Former Judge Robert Nalley of Charles County was also sentenced to a year of probation, the Associated Press reports. Nalley, 72, told the judge he was “chagrined to be standing here” and he had made an “error in judgment.”

Nalley was sentenced after pleading guilty in February to a federal misdemeanor charge of deprivation of rights under color of law.

Nalley had ordered the defendant shocked with a Stun-Cuff in July 2014 after the defendant ignored two orders to stop reading from a prepared statement questioning Nalley’s authority.

A video of the incident was played in court on Thursday, according to the AP account.
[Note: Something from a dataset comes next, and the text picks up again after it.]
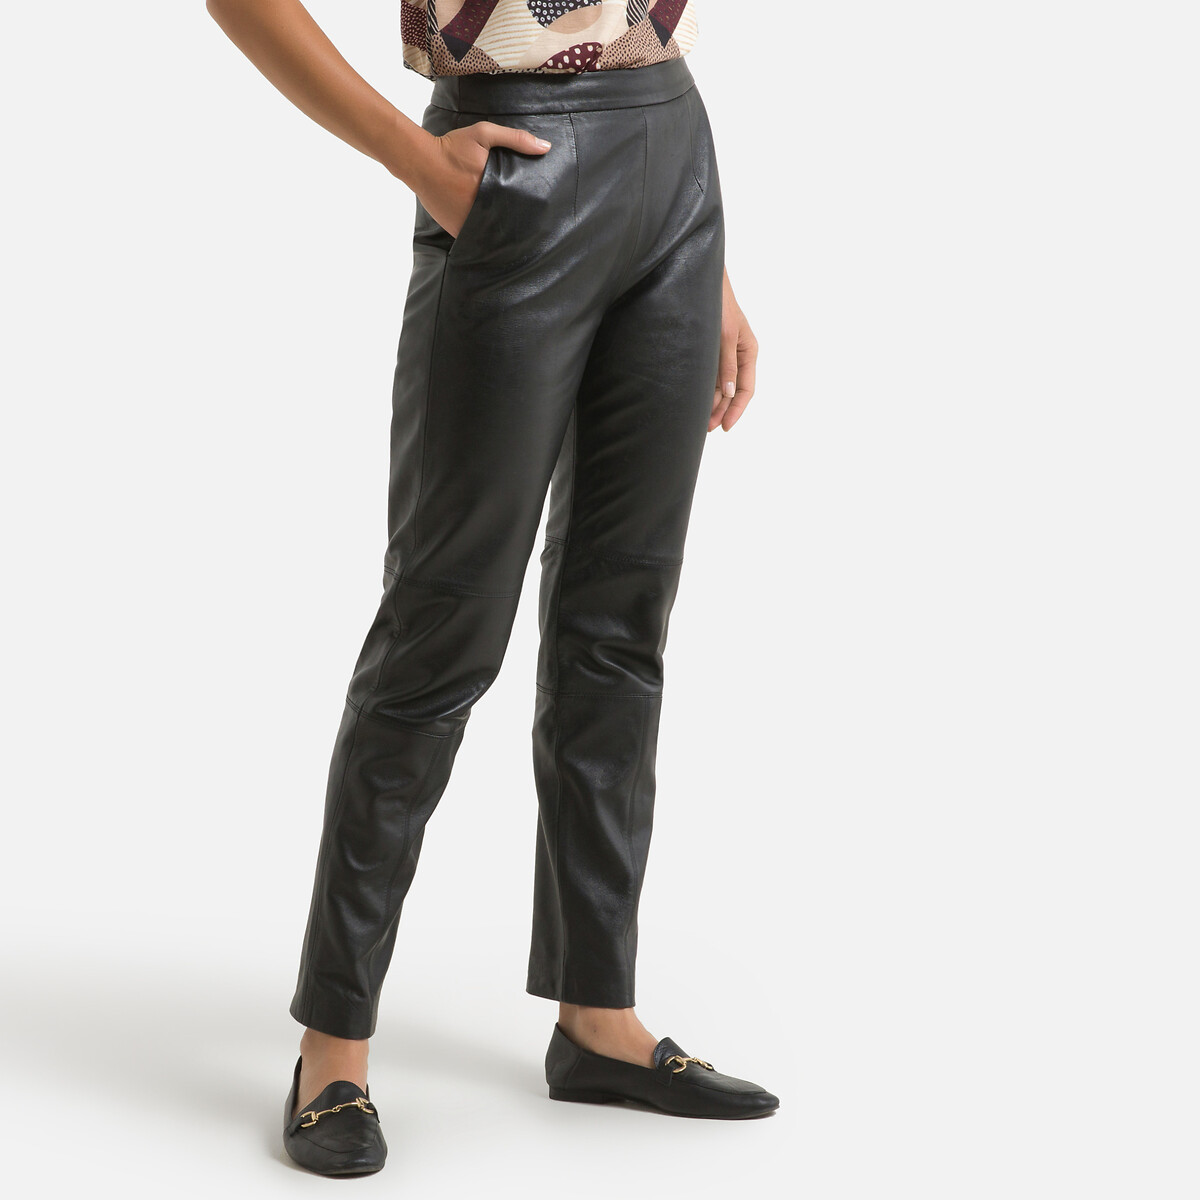 Image of Ankle Grazer Peg Trousers in Leather, Length 27"

Prosecutor Kristi O’Malley said Nalley “very quickly grew impatient,” though the defendant didn’t raise his voice and even addressed the judge as “sir.”

“Our Constitution does not allow a violation of rights based on annoyance,” O’Malley said.

The man Nalley had ordered shocked, Saamir Jhaled Khaleel Kingali, told the judge that the shocking was a “very dehumanizing experience.” He left the courtroom before Nalley’s sentencing and said afterward that “there was no justice here today.”

Nalley was previously in the news in July 2010 when he was suspended without pay for five days for letting the air out of the tires of a car parked in a restricted area near the courthouse. Nalley had said the parking spot was for him.